With demand for electric vehicles increasing lately as most economies attempt to pivot the green transition, copper prices are subsequently inflated. Copper, being one of the most commonly used metals after aluminum and steel, is also used in construction.

The metal is also seeing an upward push from the timid recovery in these sectors. Furthermore, a number of positive discoveries made by mining companies in recent days have also given the red metal a boost.

Recharge Metals (ASX:REC) recently announced strong results from its Western Australia project, Brandy Hill South. Tempest (ASX:TEM) also reported promising results from its Meleya project in Western Australia, as well as Culpeo (ASX:CPO) from its Chilean Lana Corina project.

Will lower Chinese demand affect copper prices?

China has recently struggled with demand for commodities as it struggles to get back on its feet after a fresh wave of Covid-19 cases. This has led to shutdowns in major industrial and manufacturing hubs in Shanghai and Dongguan.

Naturally, this has led to a drop in demand for copper, as China is one of the main consumers of this metal, accounting for around half of global copper demand.

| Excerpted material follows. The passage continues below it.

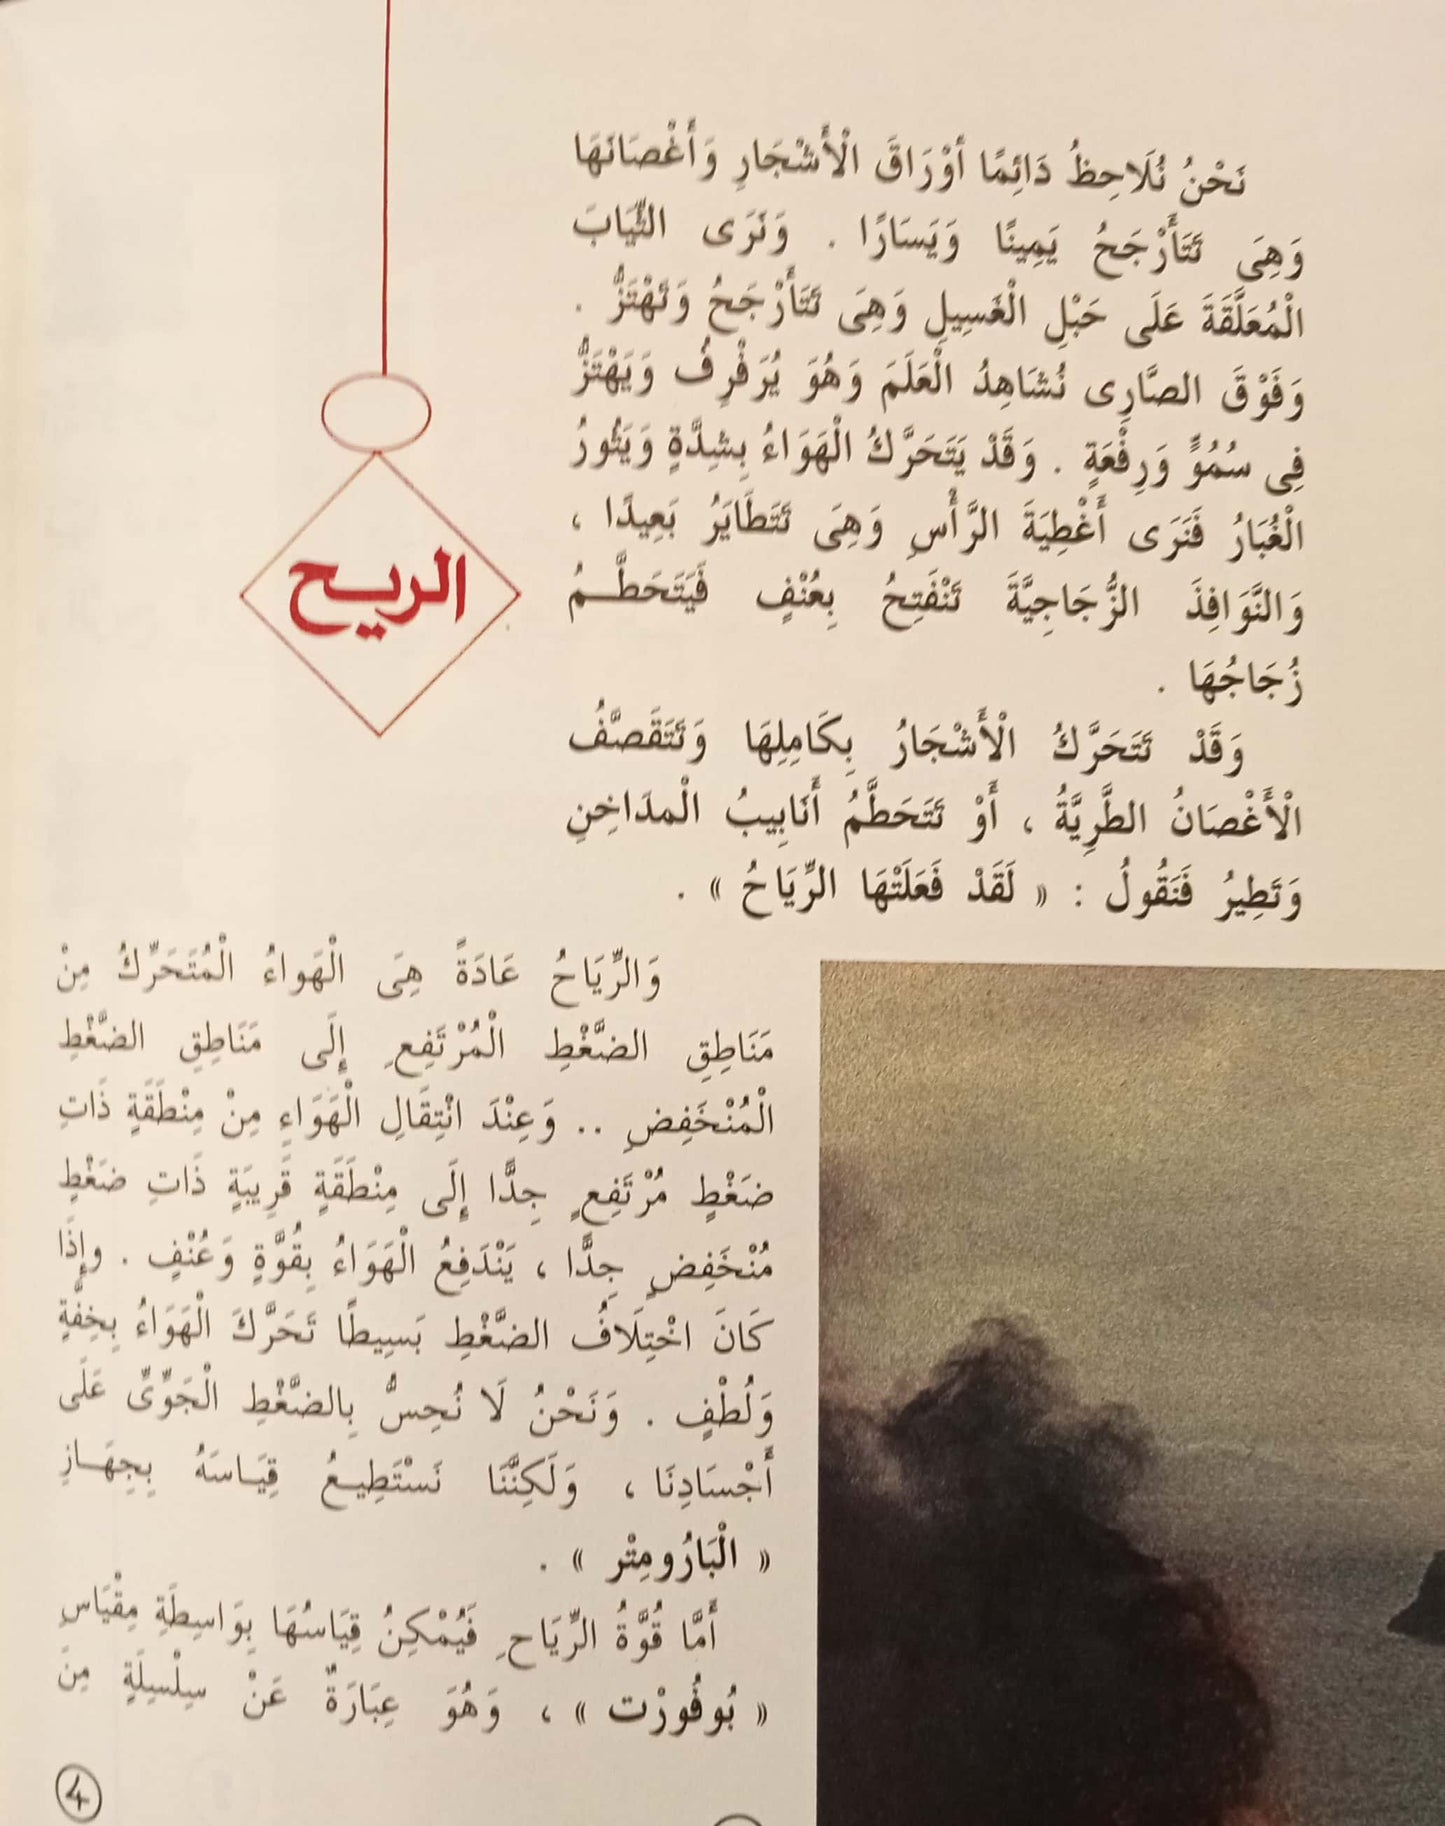 الريح - 29 السماوات والأرض وما بينهما سلسلة علوم جاء ذكرها في القرآن

Other metals, such as nickel and iron ore, were also affected.

According to Carsten Menke, analyst at Julius Baer (BAER), this was also largely due to a drop in investment in the real estate and infrastructure sector.

He points out that the longer-term outlook for China’s real estate sector is likely to be largely driven by a decline in urbanization, as well as a decline in the number of working-age citizens.

Although copper prices were initially somewhat subdued following reports of new Covid-19 cases in China, demand is beginning to cautiously recover as China aims to increase production of several metals to fill the void left by Russian metals.

However, it remains to be seen to what extent the struggles of slowing economic growth will impact copper prices in the near future.